• [Stored data]:
§ §

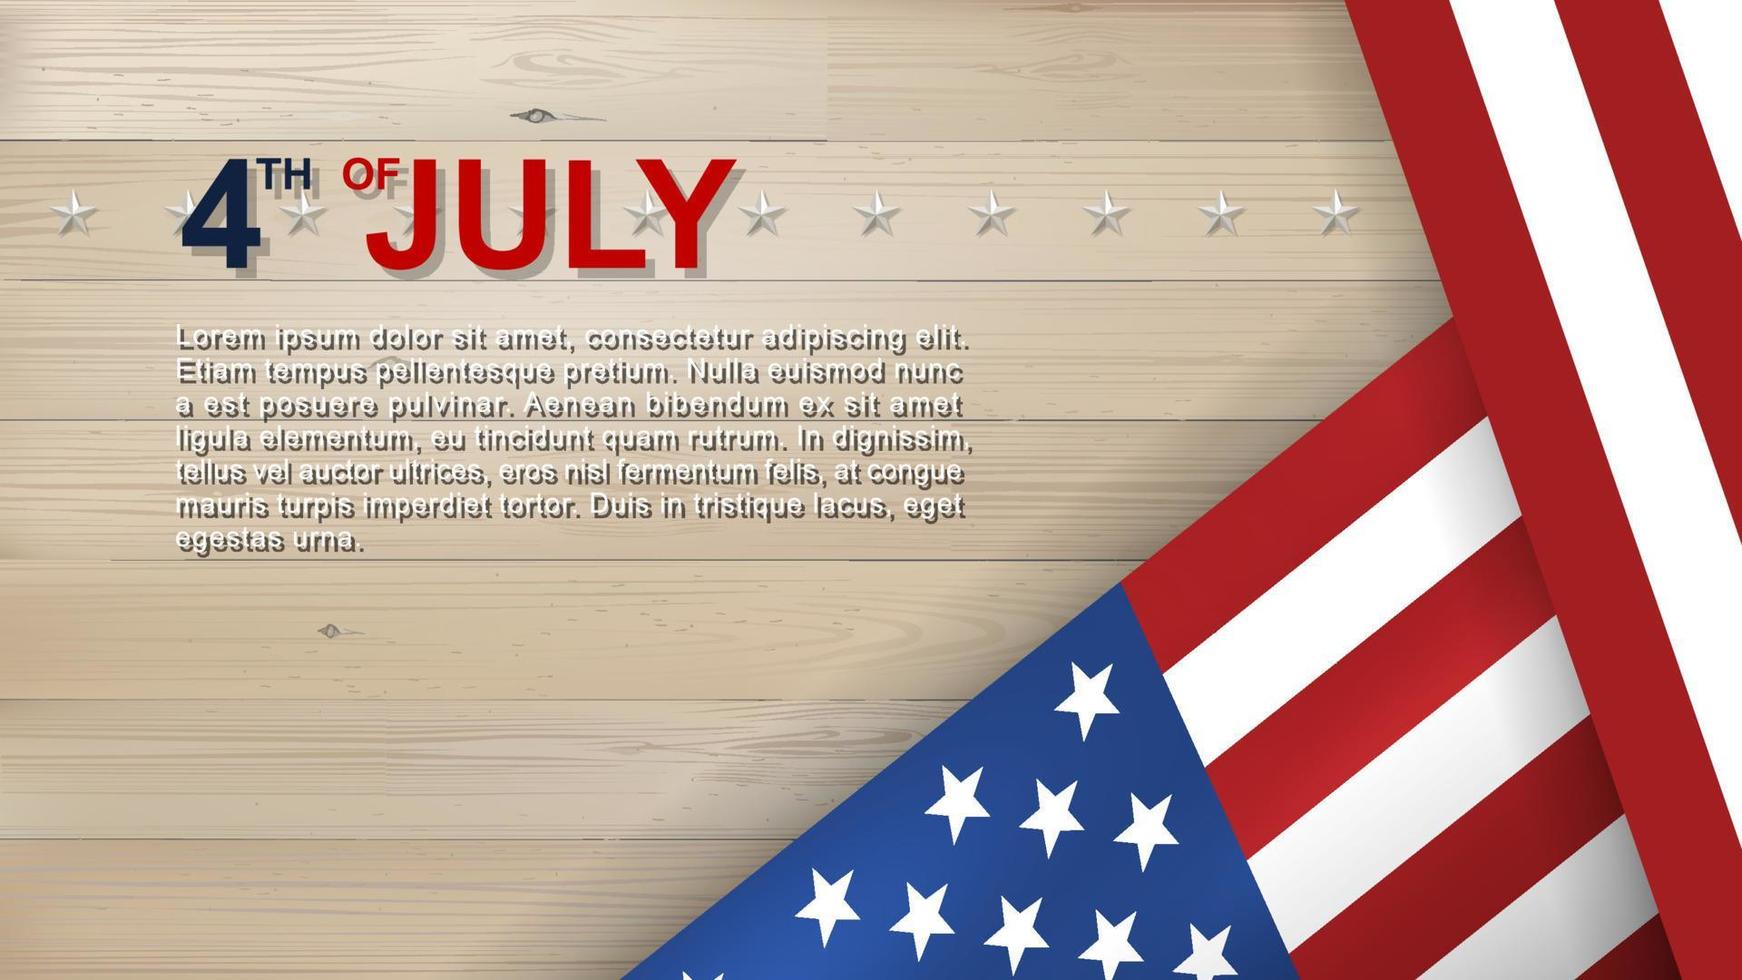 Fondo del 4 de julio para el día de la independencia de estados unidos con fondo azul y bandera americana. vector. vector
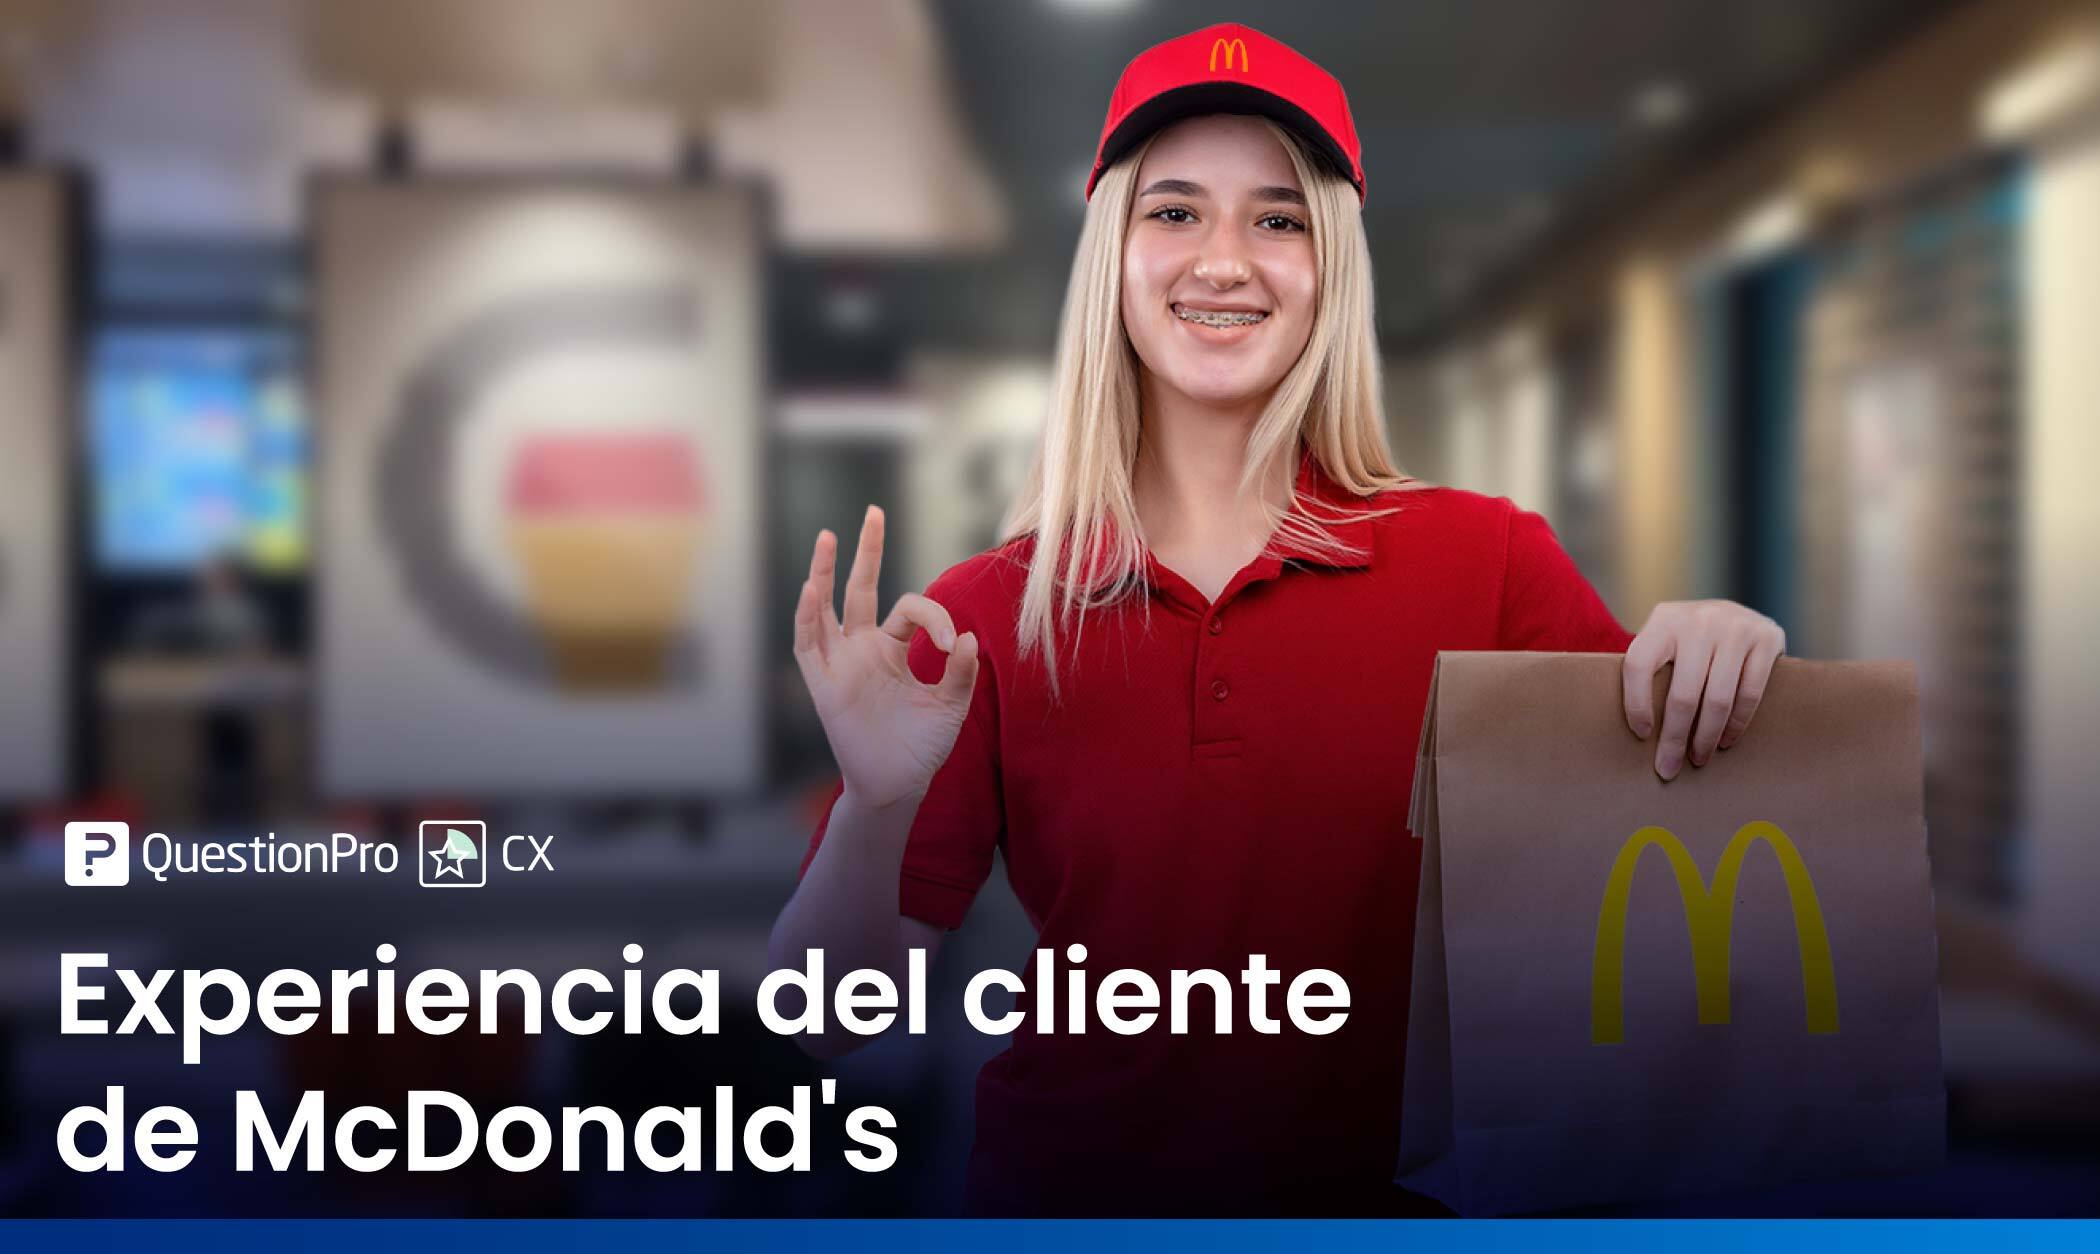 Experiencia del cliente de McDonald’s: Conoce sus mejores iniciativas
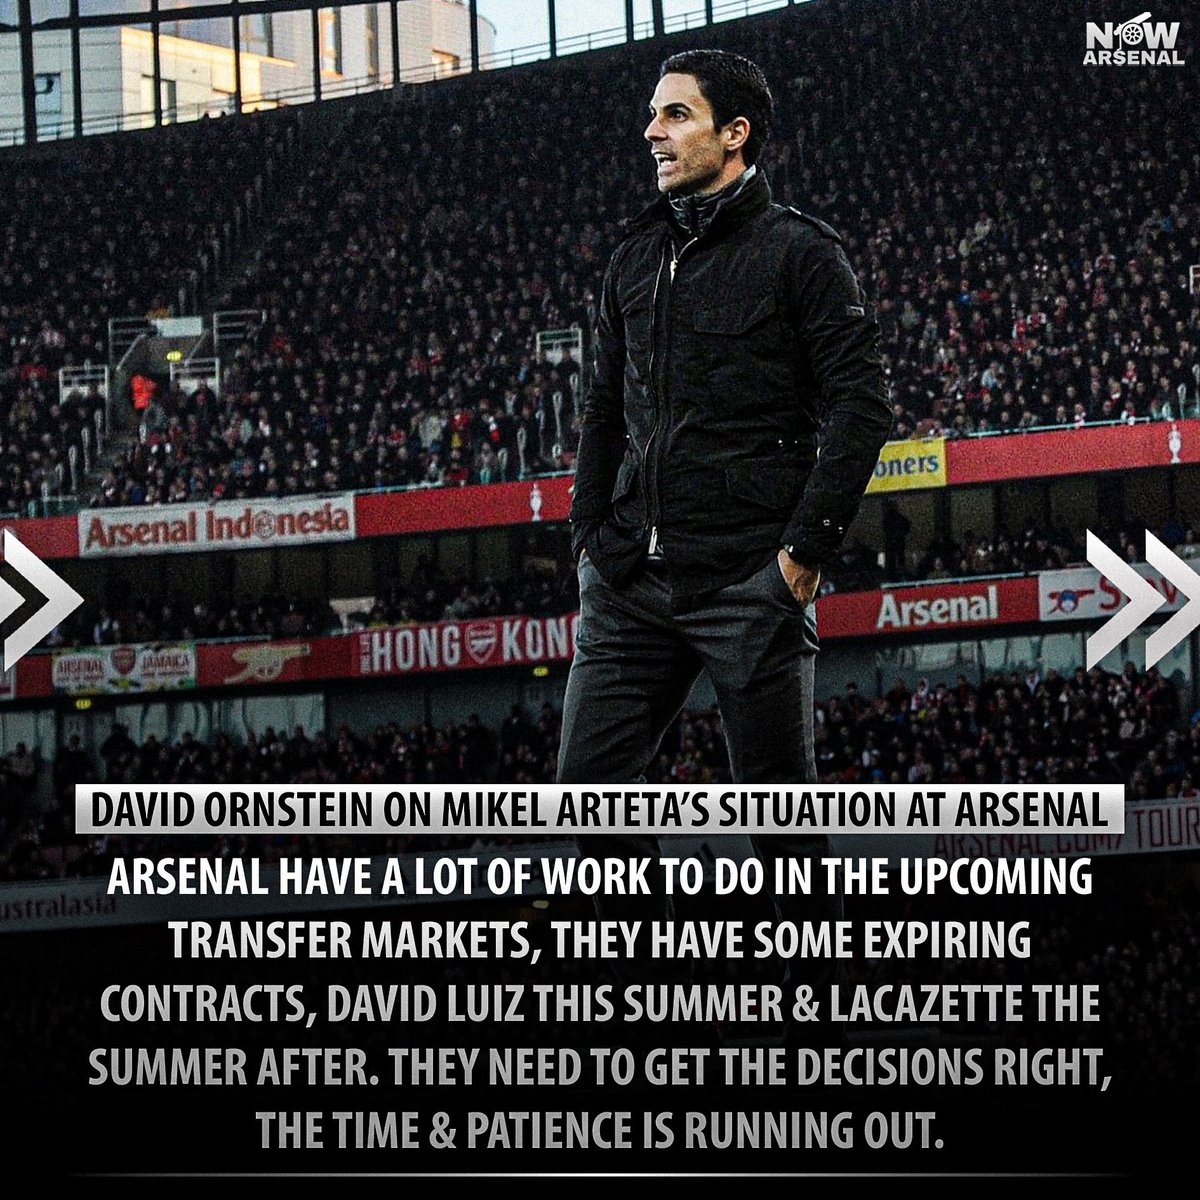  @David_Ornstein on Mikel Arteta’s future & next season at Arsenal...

§ §

• [Exercise aim]: Output the listing above exactly, pictures omitted.

• [Result of this exercise]:
 Fondo del 4 de julio para el día de la independencia de estados unidos con fondo azul y bandera americana. vector. vector
 Experiencia del cliente de McDonald’s: Conoce sus mejores iniciativas
  @David_Ornstein on Mikel Arteta’s future & next season at Arsenal...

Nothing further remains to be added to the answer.